Item 2.02    Results of Operations and Financial Condition.

On February 6, 2012, Unum Group (“Unum Group” or the “Company”), a Delaware corporation, issued a news release reporting its results for the fourth quarter of 2011, a copy of which is furnished herewith as Exhibit 99.1 to this Current Report on Form 8-K and incorporated herein by reference.
Also on February 6, 2012, Unum Group posted on its website at www.unum.com the Statistical Supplement relating to its financial results for the fourth quarter of 2011. A copy of the Statistical Supplement is furnished herewith as Exhibit 99.2 and incorporated herein by reference.
In accordance with General Instruction B.2 of Form 8-K, the information included or incorporated in this Item 2.02, including Exhibits 99.1 and 99.2, shall not be deemed “filed” for purposes of Section 18 of the Securities Exchange Act of 1934, nor shall such information and exhibits be deemed incorporated by reference in any filing under the Securities Act of 1933, as amended, except as shall be expressly set forth by specific reference in such a filing.

Item 2.06    Material Impairments.

On February 3, 2012, the Company concluded that a pre-tax charge of $289.8 million as of December 31, 2011 was appropriate for the impairment of its long-term care deferred acquisition costs. This decision was reached at the conclusion of a comprehensive and strategic review of the Company's long-term care business. As part of the strategic review, the Company analyzed its reserve assumptions for long-term care in conjunction with its annual loss recognition testing of deferred acquisition costs and policy reserves. Included in the analysis was a review of the Company's reserve discount rate assumptions and mortality and morbidity assumptions. The analysis considered the significant decline in long-term interest rates which occurred late in the third quarter of 2011 as well as an updated industry study for long-term care experience which was made available mid-year 2011. Based on its analysis, as of December 31, 2011, the Company lowered the discount rate to reflect the lower interest rate environment and the Company's expectation of future investment portfolio yield rates. The Company also changed its mortality and morbidity assumptions to reflect emerging experience and to align more closely with the recently published industry study, which shows a declining trend in death rates and in claim termination rates, both of which increase expectations of the ultimate cost of benefits.

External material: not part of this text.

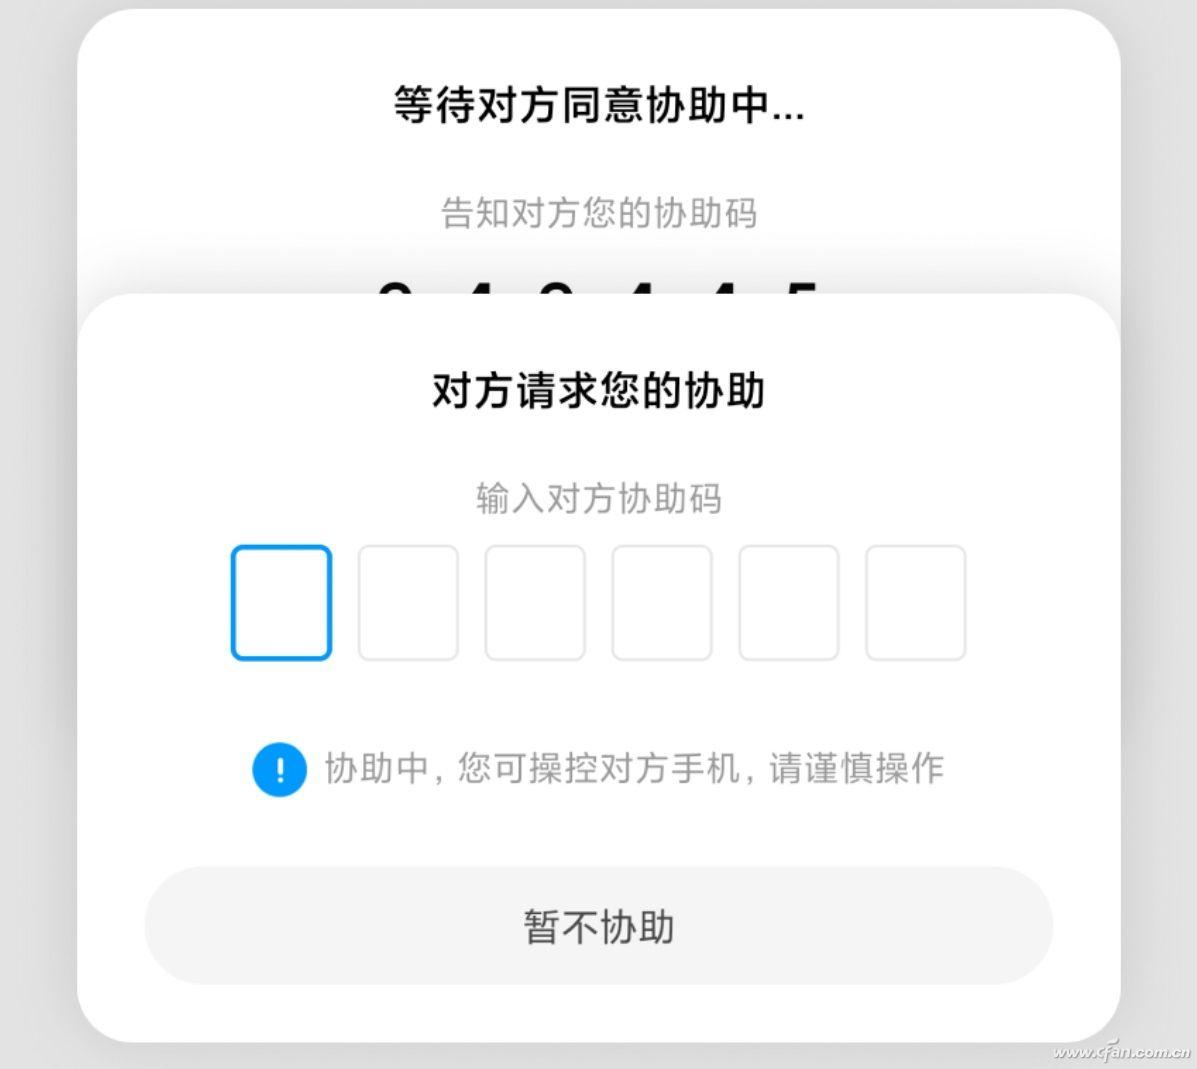 手机怎么远程控制手机(局域网内远程控制软件)

Due to the intangible nature of the asset, the Company does not expect to incur any cash expenditures as a result of the impairment.

Item 9.01    Financial Statements and Exhibits.
(d) Exhibits.
The following exhibits are furnished (but not filed) with this report:
 
 
99.1
News release of Unum Group dated February 6, 2012, concerning earnings for the fourth quarter of 2011.
 
 
99.2
Statistical Supplement of Unum Group for the fourth quarter of 2011.


SIGNATURES

Pursuant to the requirements of the Securities Exchange Act of 1934, the registrant has duly caused this report to be signed on its behalf by the undersigned hereunto duly authorized.

 
Unum Group
 
(Registrant)
 
 
 
 
 
 
Date: February 6, 2012
By:
 /s/ Susan N. Roth
 
 
Name:
Susan N. Roth
 
 
Title:
Vice President, Transactions, SEC
 
 
 
and Corporate Secretary





INDEX TO EXHIBITS

Exhibit No.
Description
 
 
99.1
News release of Unum Group dated February 6, 2012, concerning earnings for the fourth quarter of 2011.
 
 
99.2
Statistical Supplement of Unum Group for the fourth quarter of 2011.